Natalie I. U. Vokes, MD, discusses investigative biomarkers of response to checkpoint inhibitors in the field of oncology.
Natalie I. U. Vokes, MD, a medical oncologist fellow at Dana-Farber Cancer Institute, discusses investigative biomarkers of response to checkpoint inhibitors in the field of oncology.
Tumor mutational burden is the most well-developed biomarker in the field of oncology, says Vokes. Many of the early studies that used whole exome sequencing and looked for genomic correlates noted that TMB in patients who responded to treatment is often higher than in those who do not respond.
This was initially demonstrated in studies that used whole exome sequencing in melanoma and has since been confirmed via a number of different sequencing techniques in an array of disease contexts. There has been a lot of interest in further developing TMB as a biomarker.
Other biomarkers are not as well developed, adds Vokes. For example, in lung cancer, 1 biomarker that comes up quite a bit are STK11 mutations; this is generally a poor prognostic marker across different treatment settings, Vokes adds. There is also some work showing the presence or absence of other comutations, such as TP53 or KRAS informs how detrimental the STK11 mutation is. There is a lot that the field still has to learn in that regard, says Vokes.
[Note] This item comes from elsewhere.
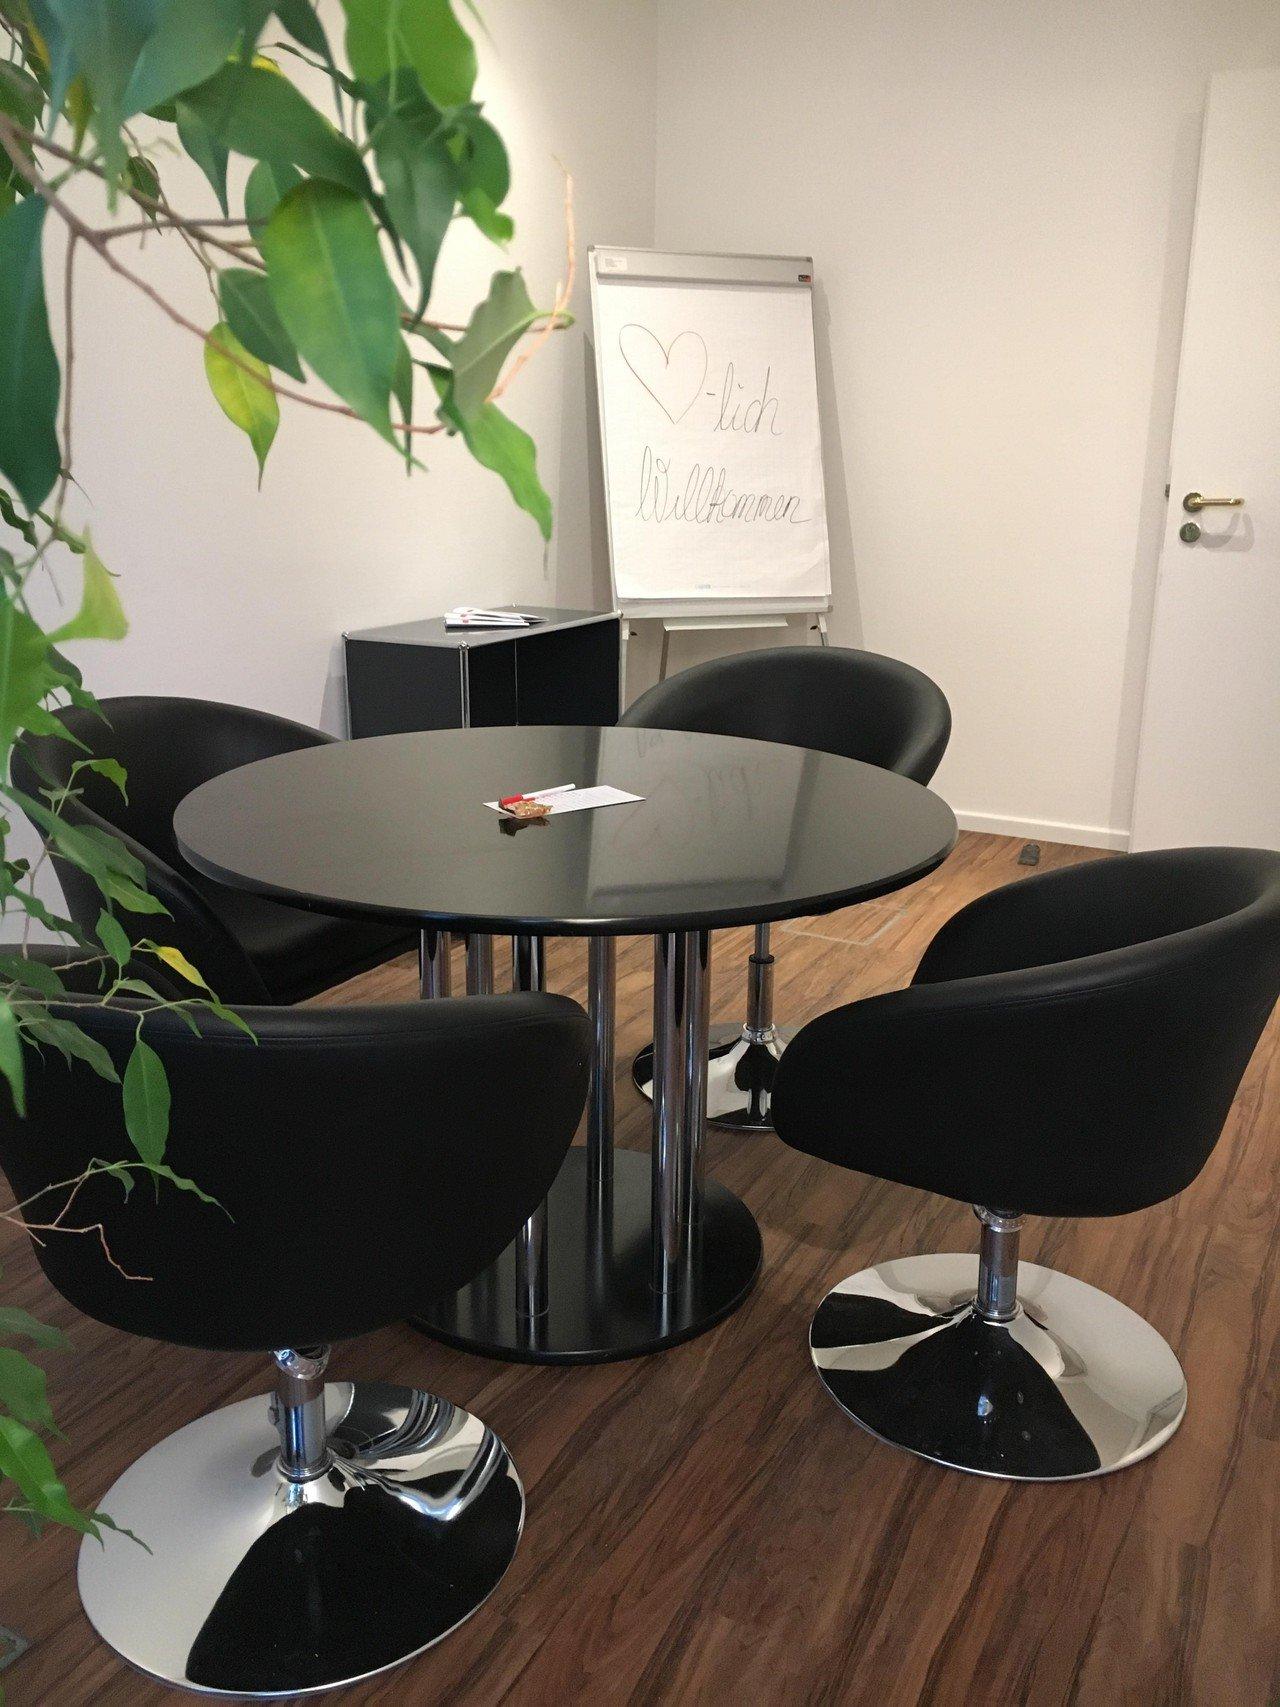 Hamburg Besprechungsräume Meetingraum Ecos - Kontor image 0

In lung cancer, the use of driver mutations as biomarkers, such as EGFR, ALK, or ROS1, are taken for granted, she adds. Those patients tend to not respond as well to treatment, but 1 should be cautious that this is not extended to all driver alterations in non–small cell lung cancer. This is because mutations such as BRAF and MET might be biologically different. The field is still learning about these other biomarkers and stronger understanding is anticipated over the next couple of years, concludes Vokes.